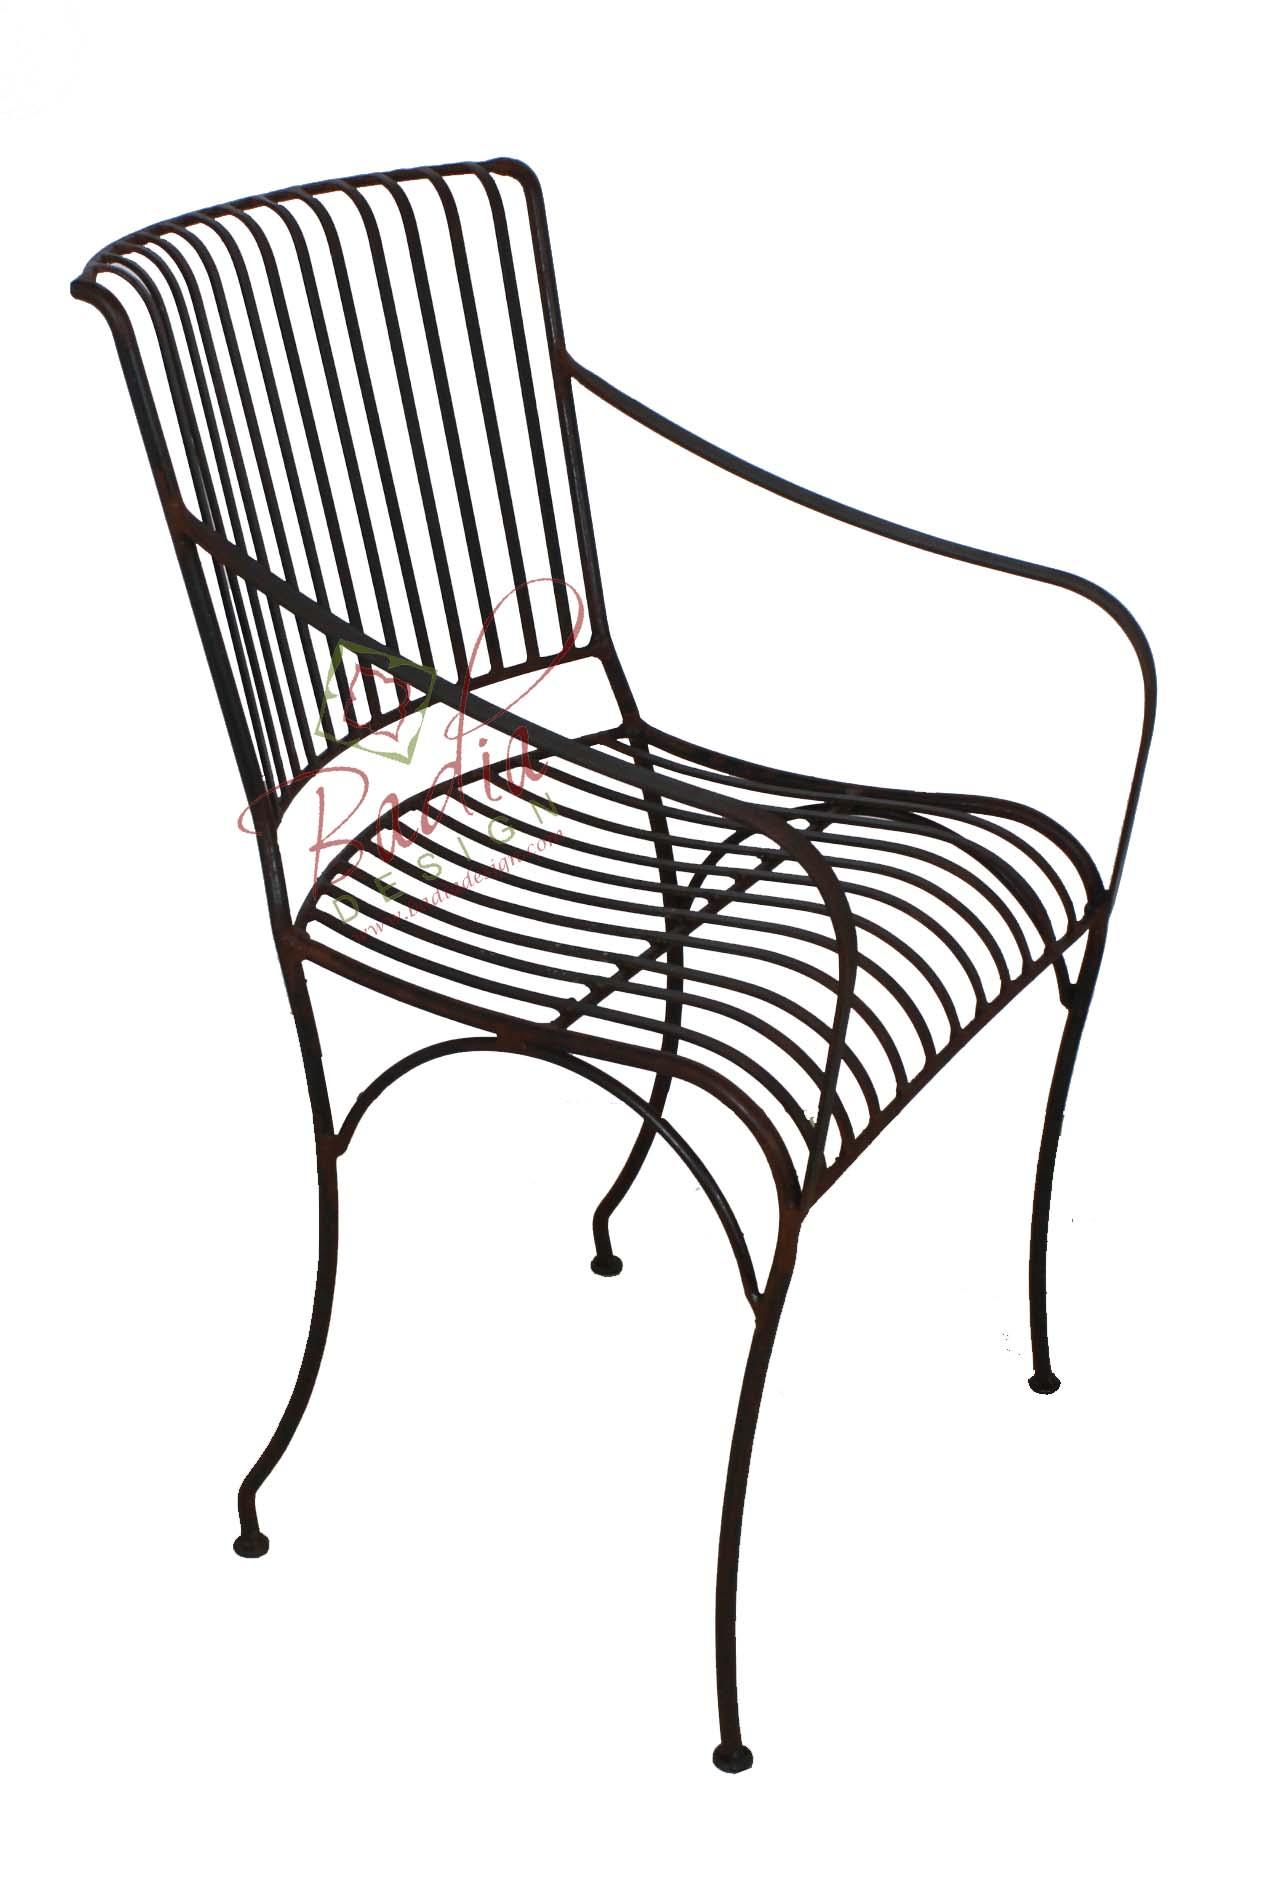 moroccan-outdoor-wrought-iron-furniture-ic029-2.jpg
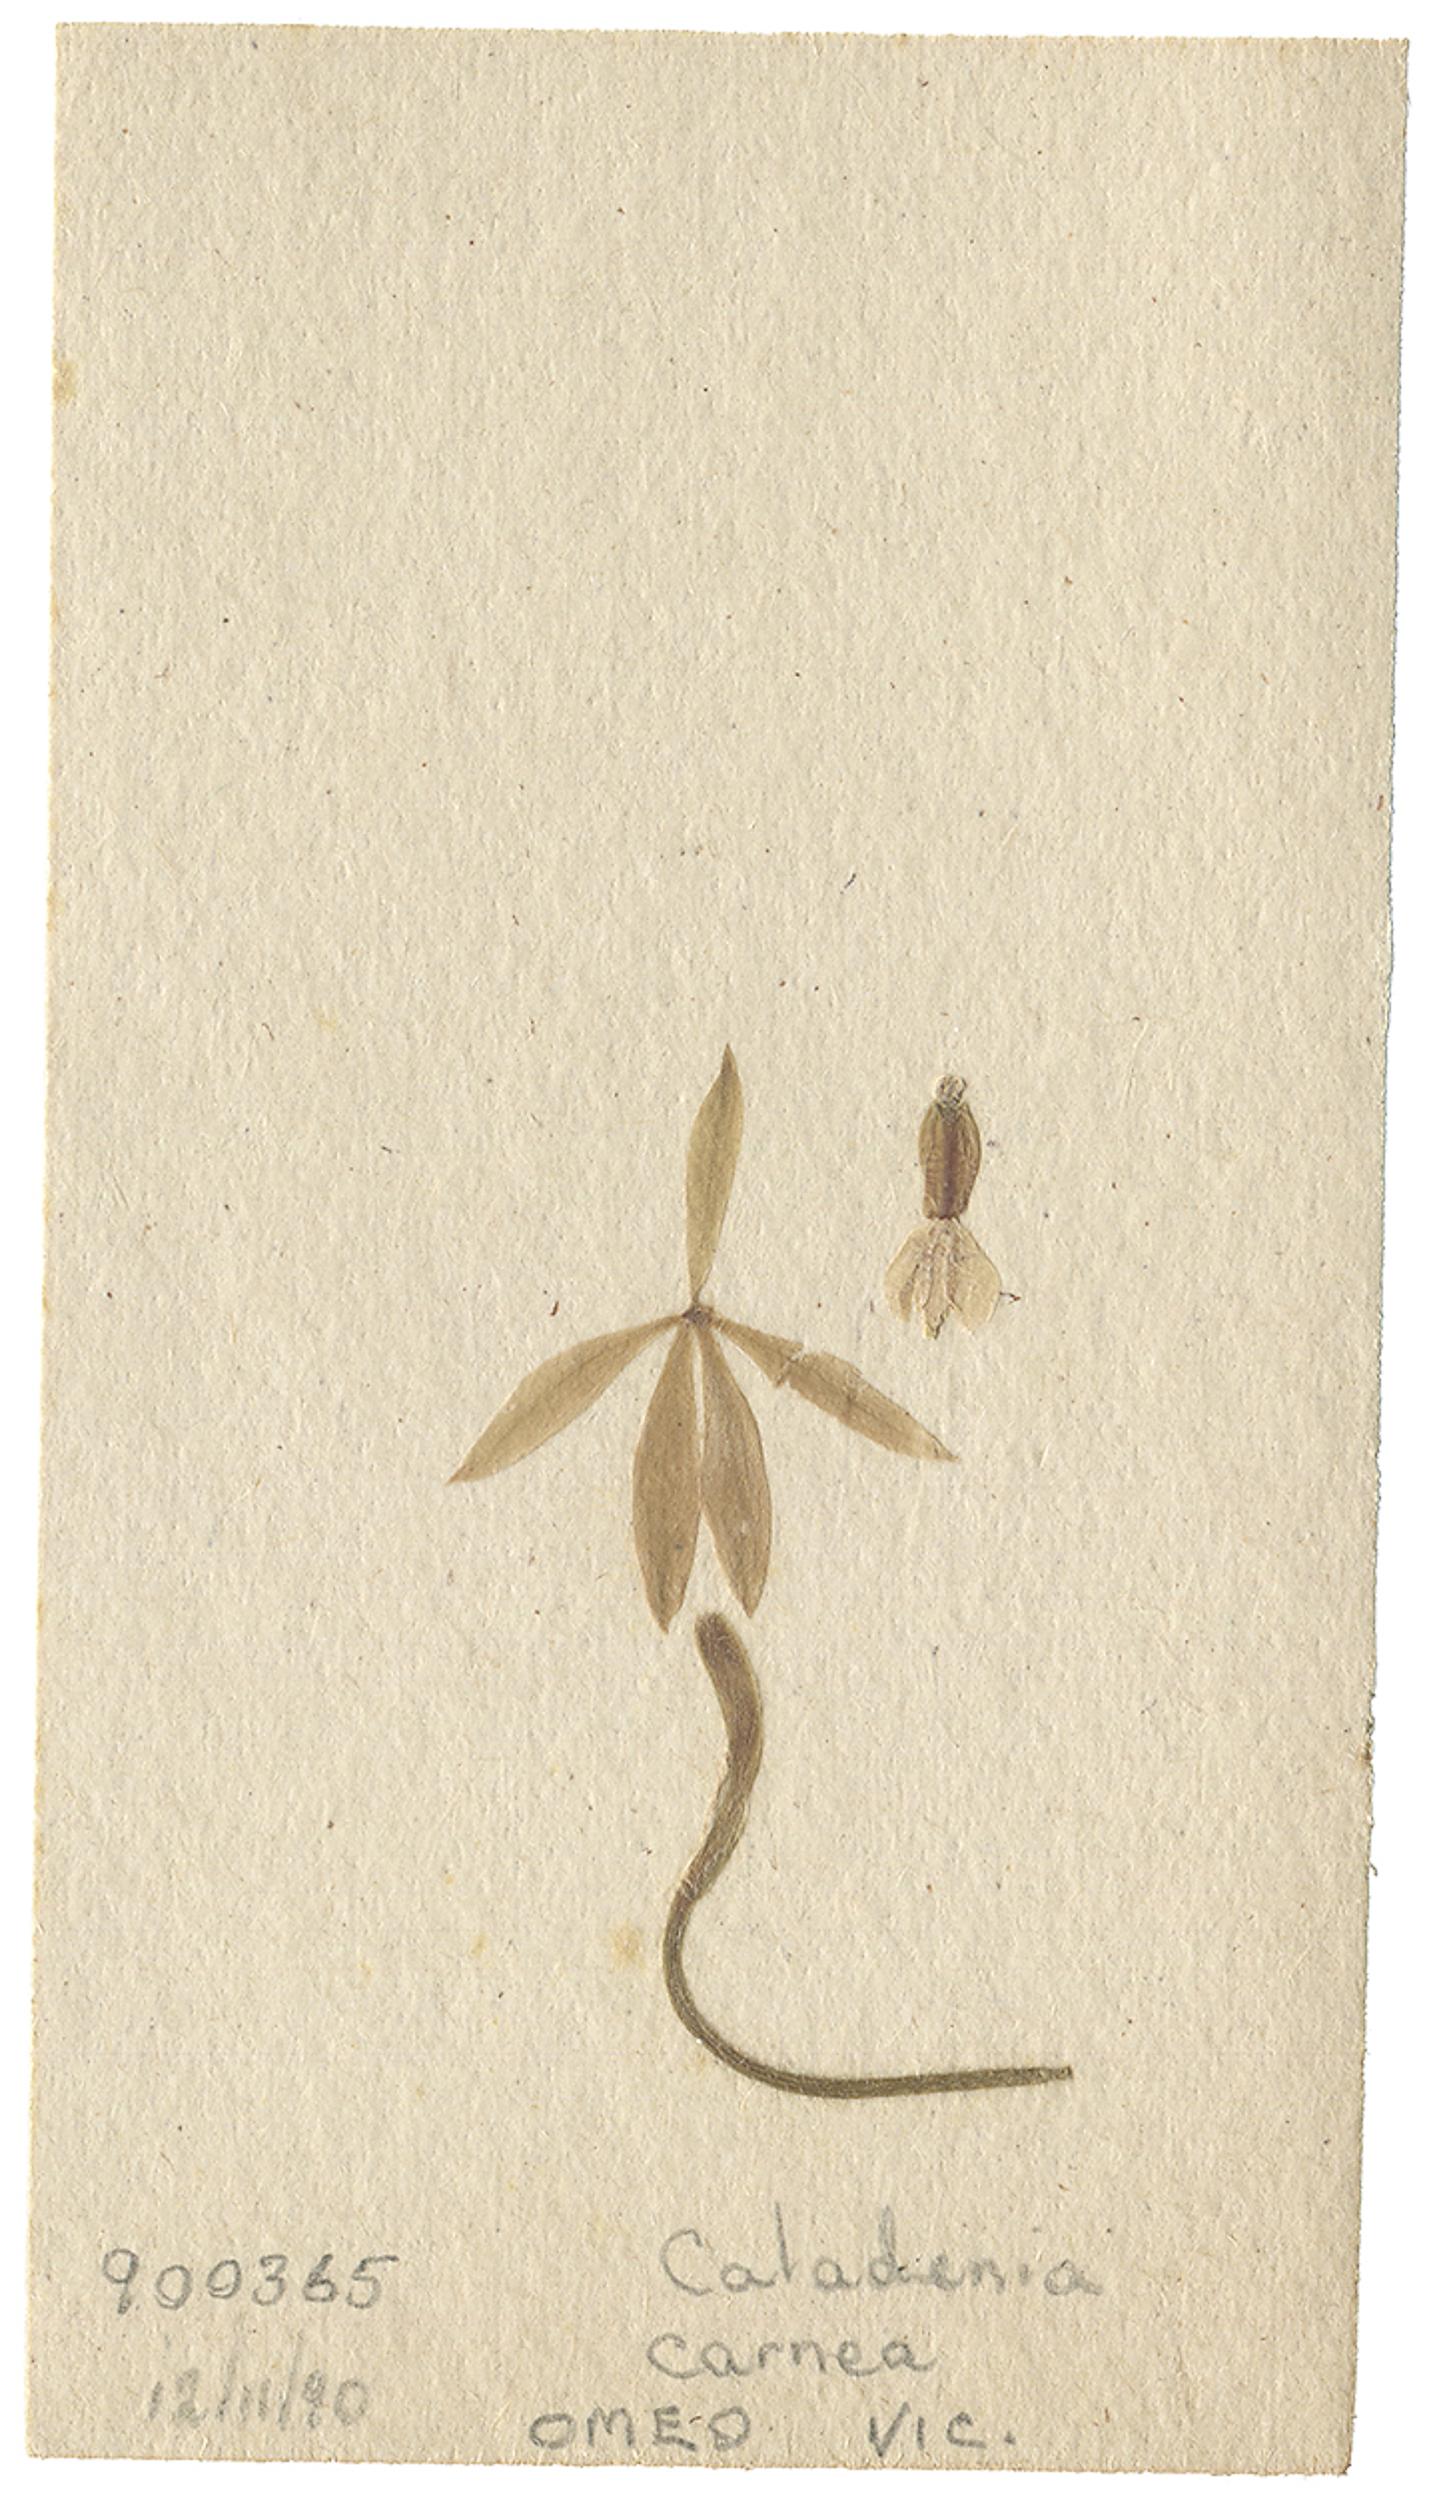 LYON 2017-06-24 Phils Orchid Specimens 200_E.jpg
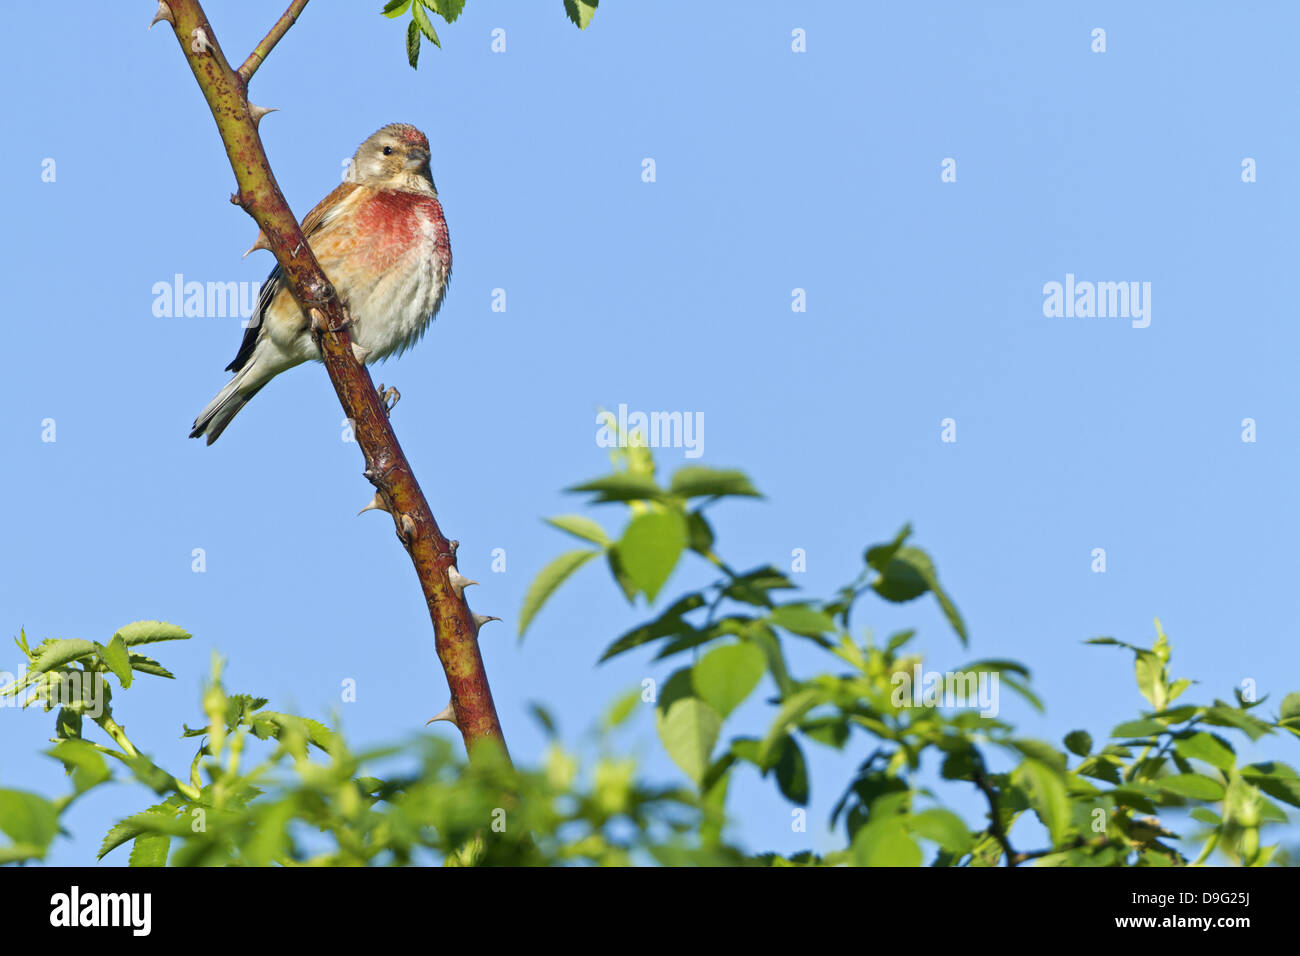 Linnet, Common Linnet, Eurasian Linnet, Carduelis cannabina, Acanthis cannabina, Bluthänfling, Hänfling, - Stock Image
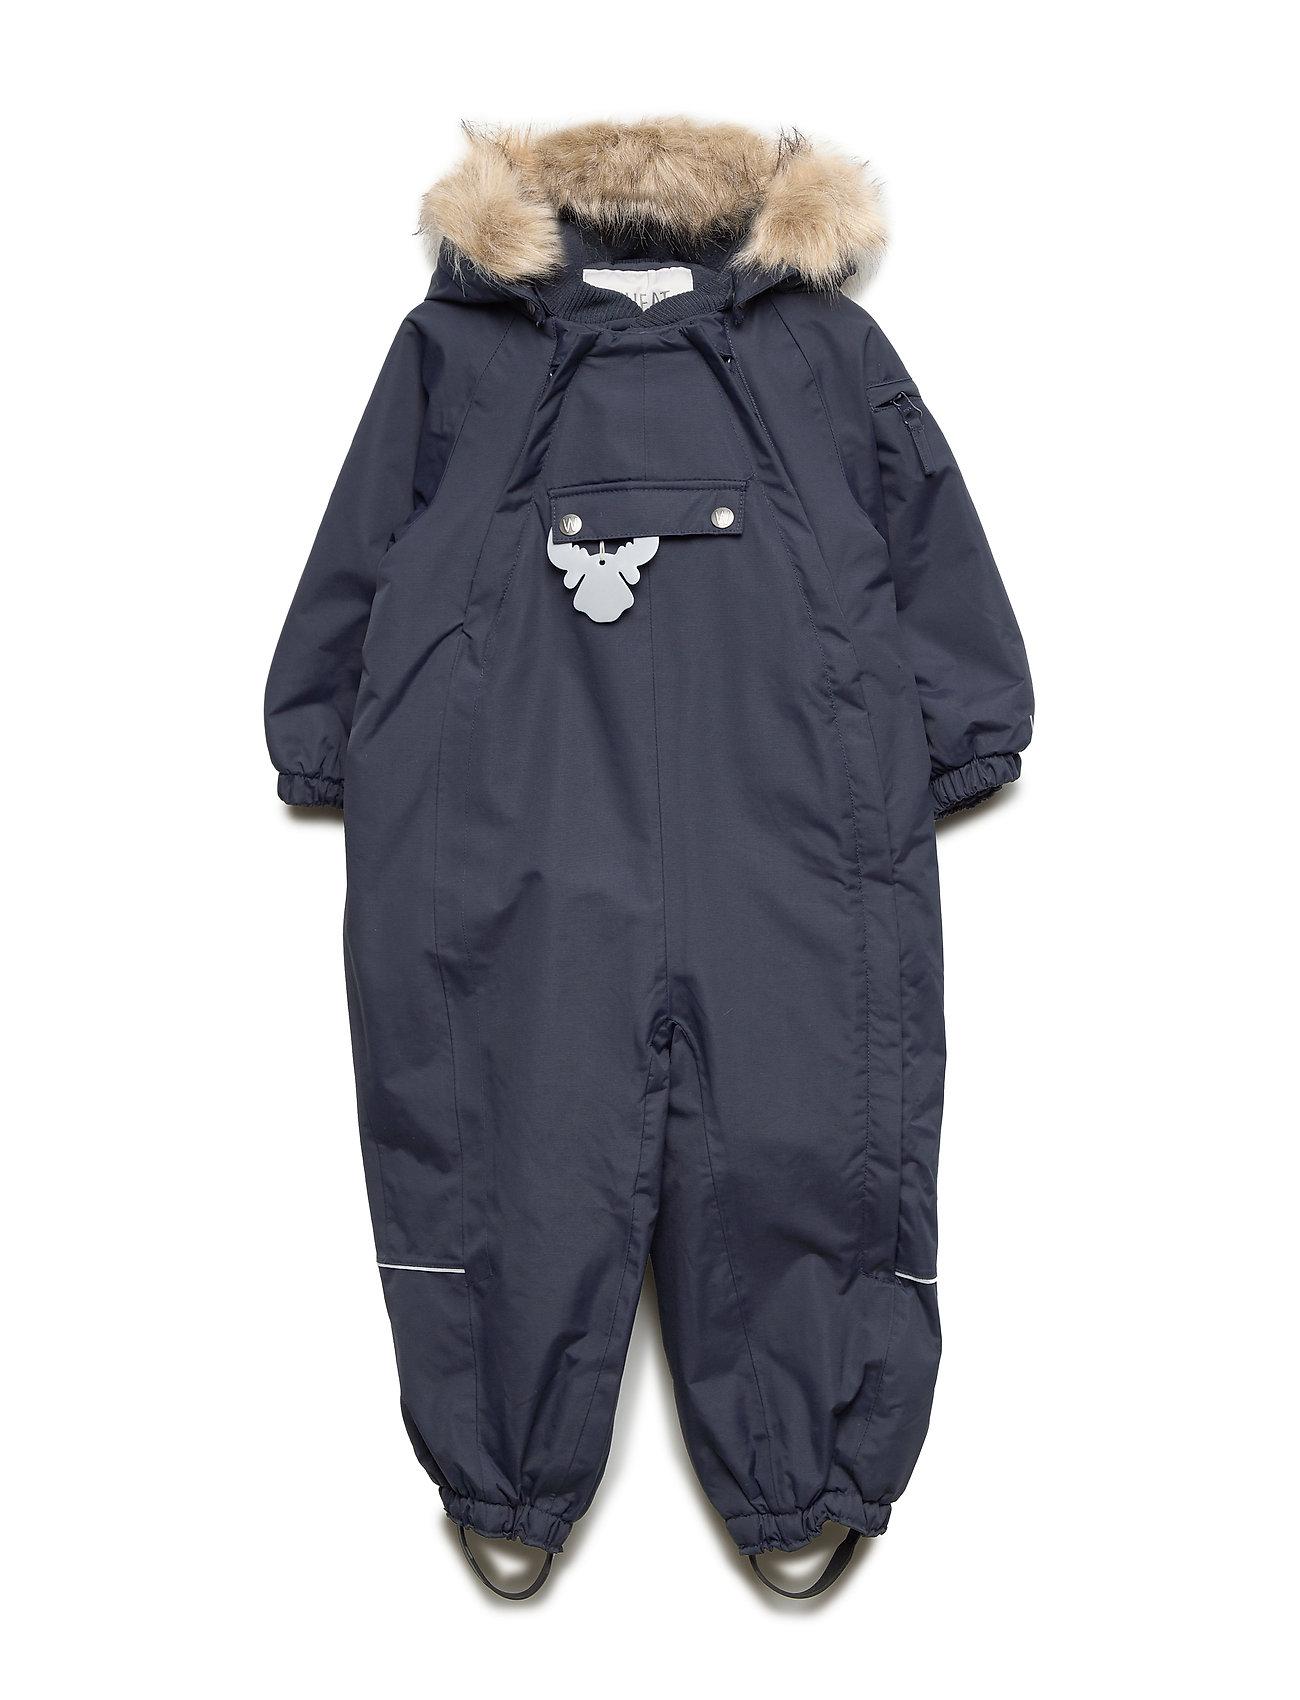 Wheat Snowsuit Nickie - NAVY

----------

Once the pictures have been removed, reproduce each line of the material above exactly.

 moroccan-outdoor-wrought-iron-furniture-ic029-2.jpg
 LYON 2017-06-24 Phils Orchid Specimens 200_E.jpg
 Linnet, Common Linnet, Eurasian Linnet, Carduelis cannabina, Acanthis cannabina, Bluthänfling, Hänfling, - Stock Image
 Wheat Snowsuit Nickie - NAVY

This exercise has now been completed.